= Assignment =
Copy out the listing that follows, exactly, without its pictures.

= Material provided =

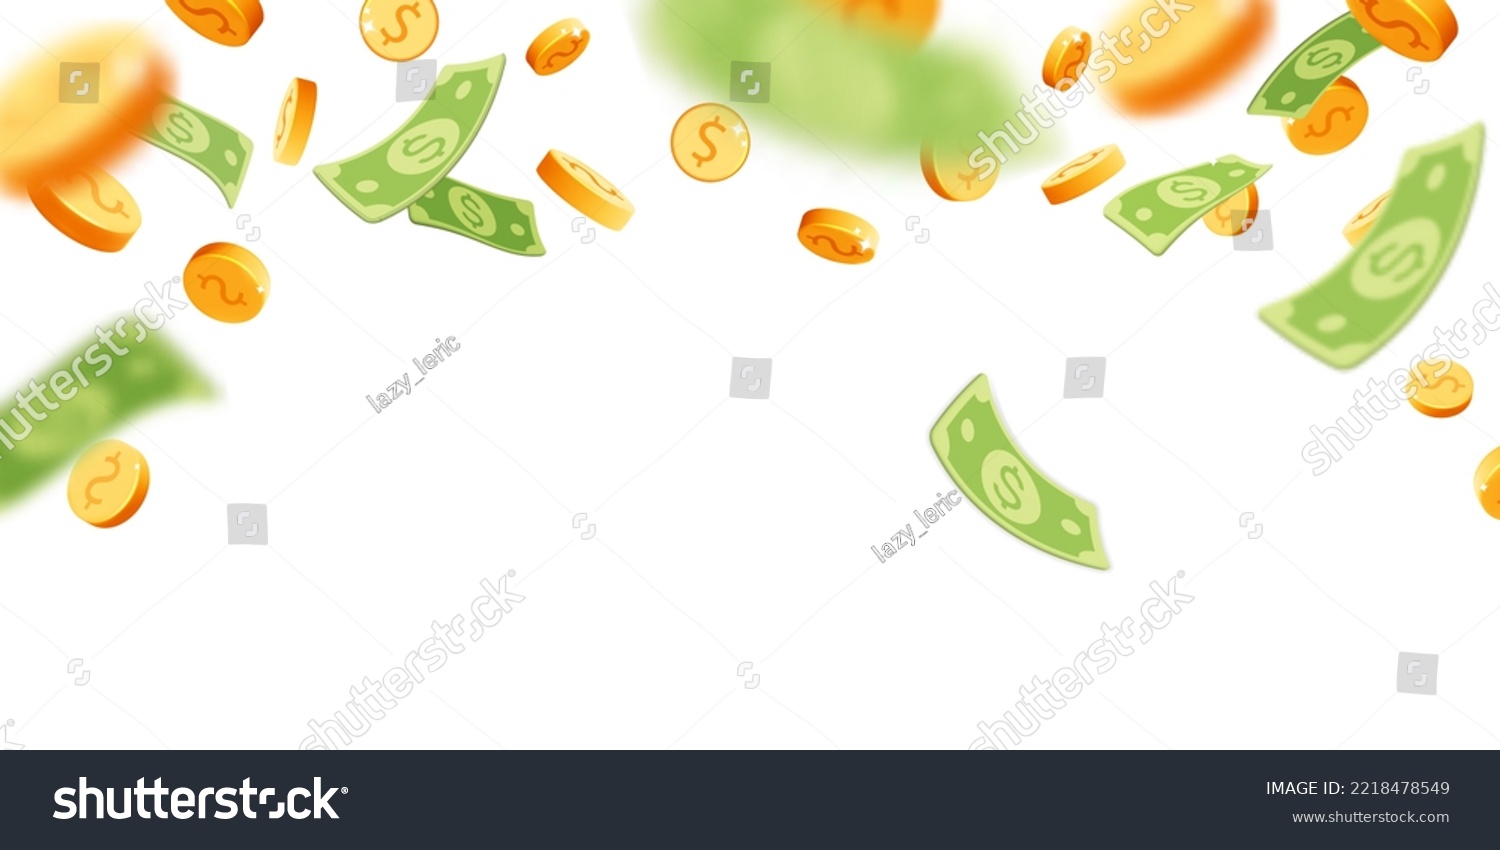 SVG of 3d vector floating in the air gold rain coins and green dollar paper currency banner design. Realistic render falling down or explosion money. Casino, jack pot, gold mine wealth, cash back concept. svg
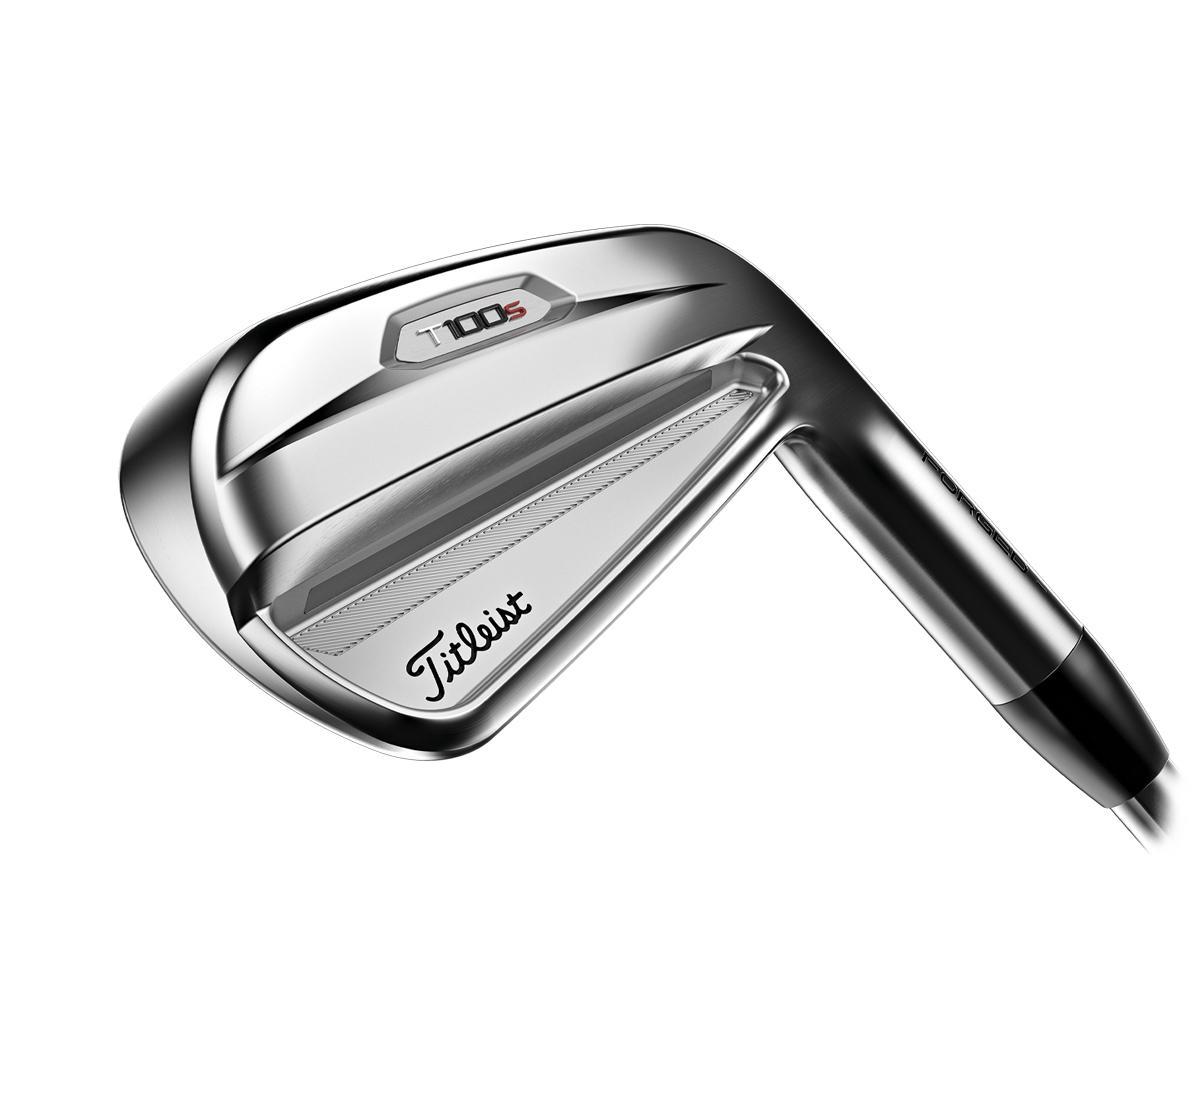 T100•S Irons by Titleist
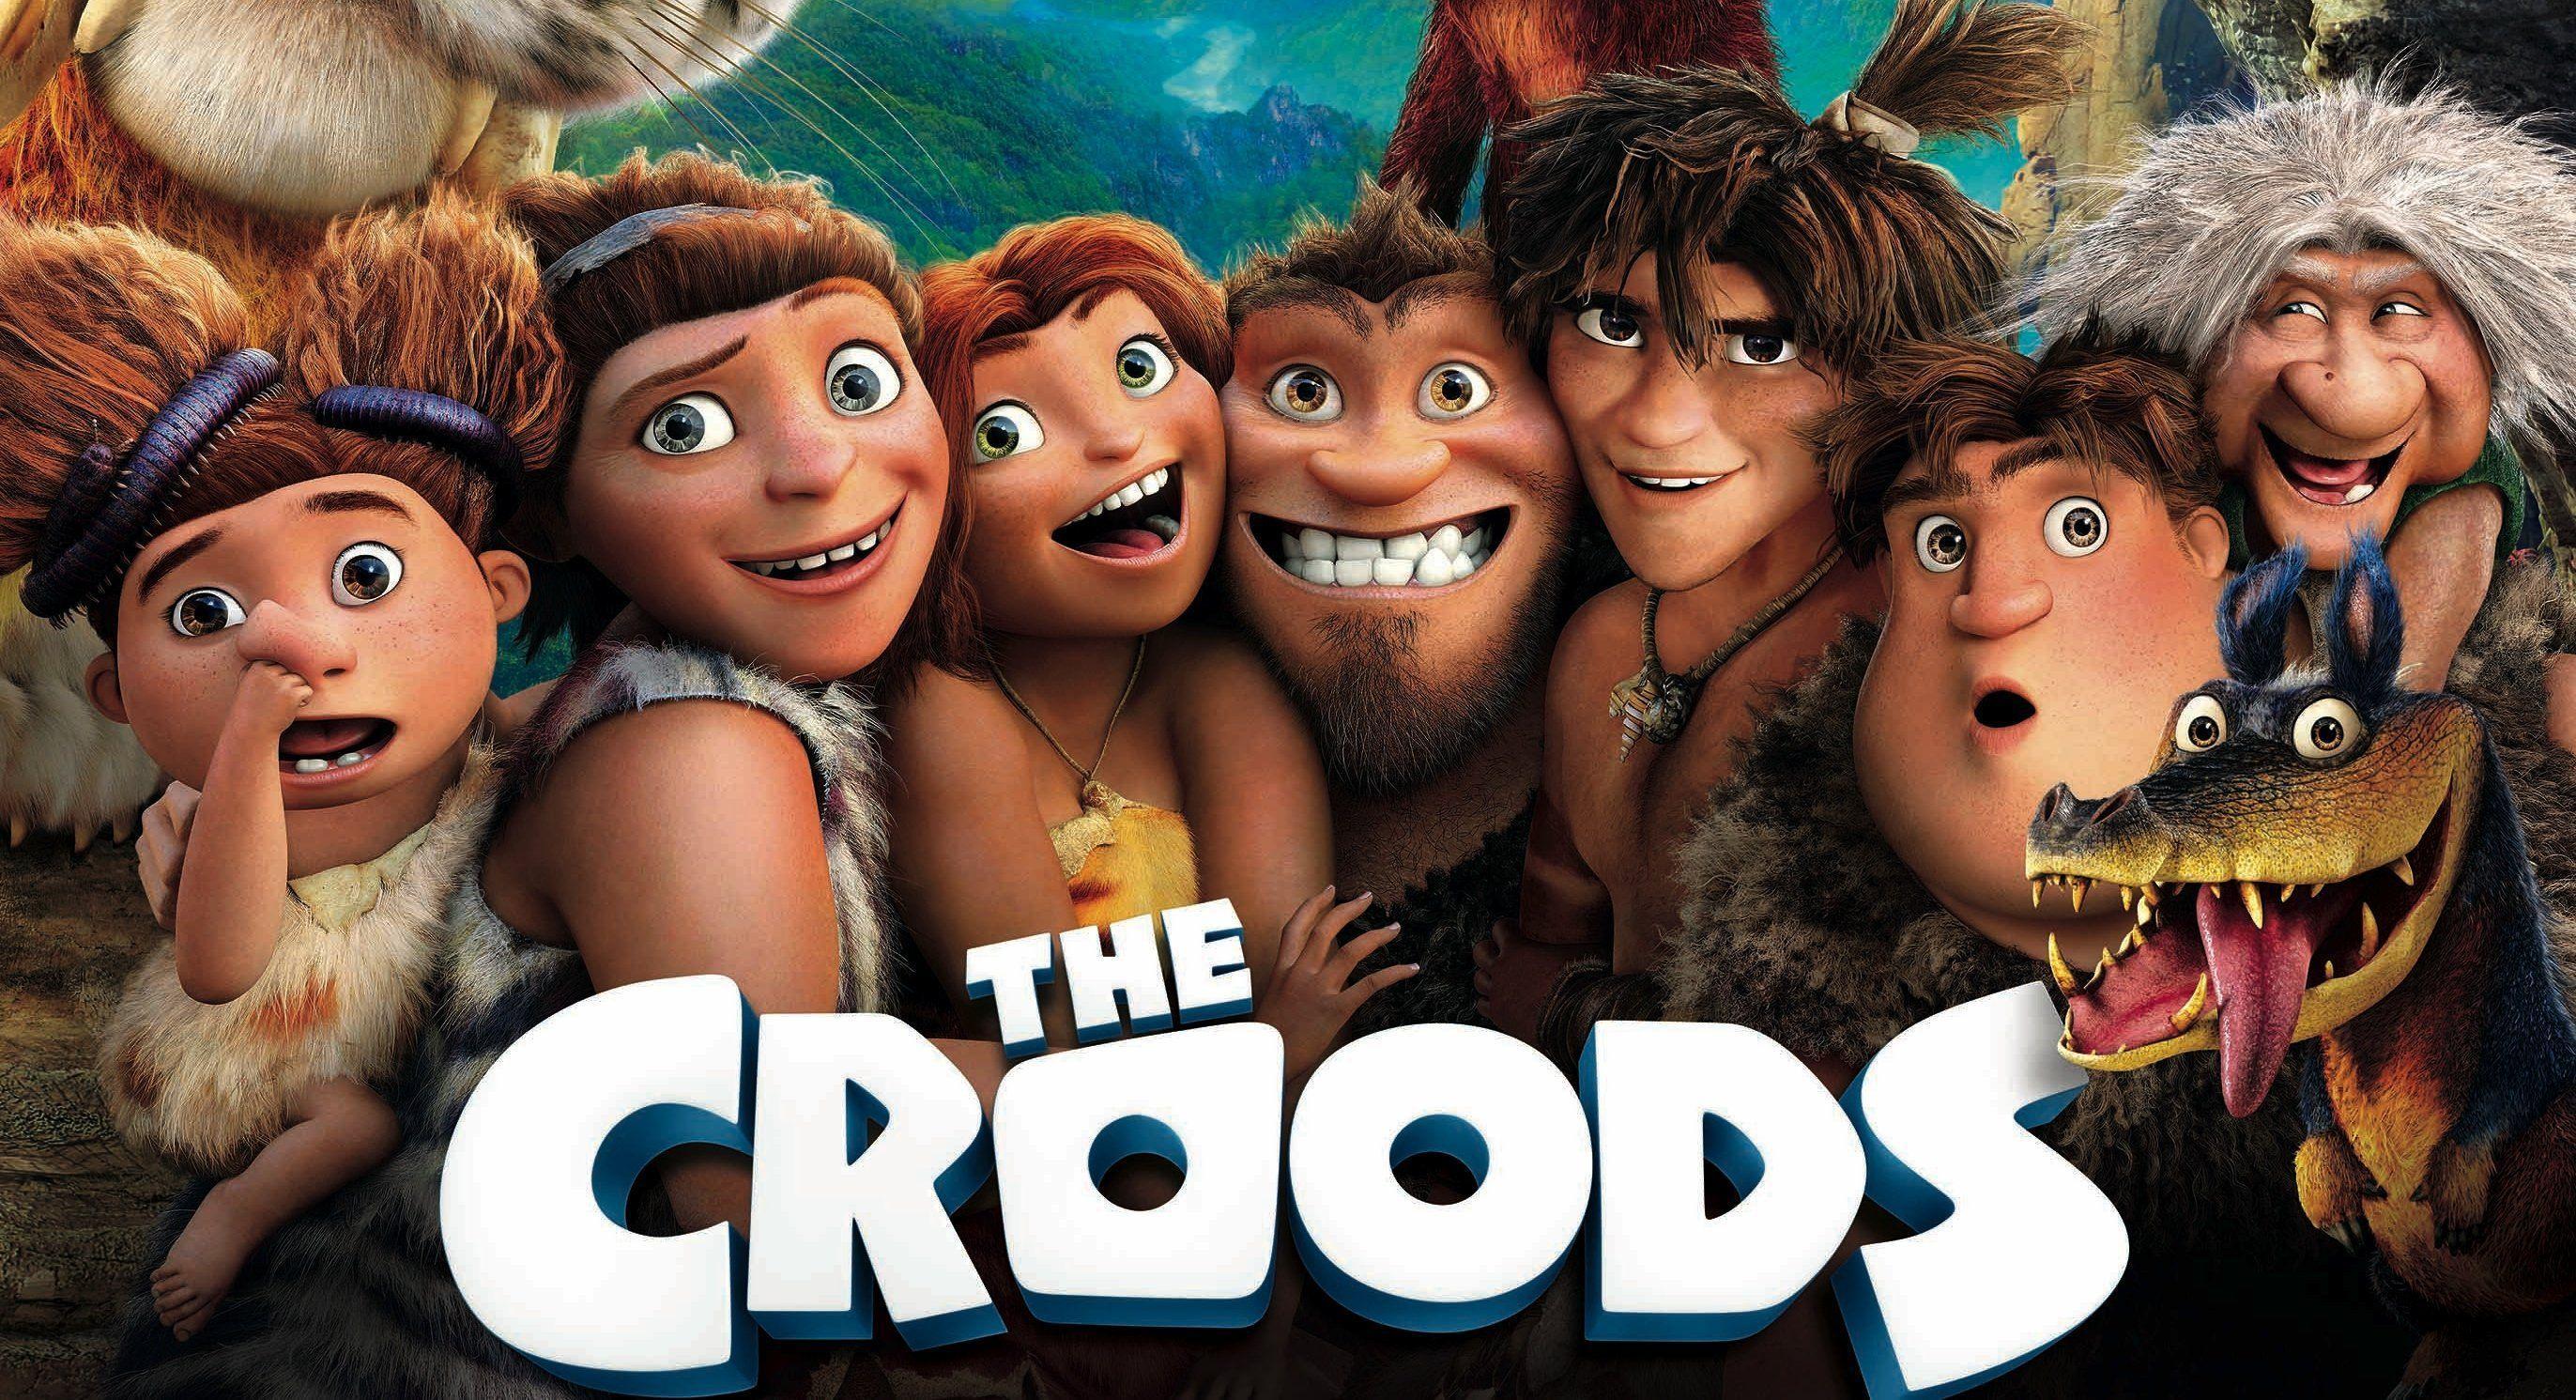 THE CROODS Animation Adventure comedy family fantasy 1croods

= Solved problem =
 SVG of 3d vector floating in the air gold rain coins and green dollar paper currency banner design. Realistic render falling down or explosion money. Casino, jack pot, gold mine wealth, cash back concept. svg
 T100•S Irons by Titleist
 THE CROODS Animation Adventure comedy family fantasy 1croods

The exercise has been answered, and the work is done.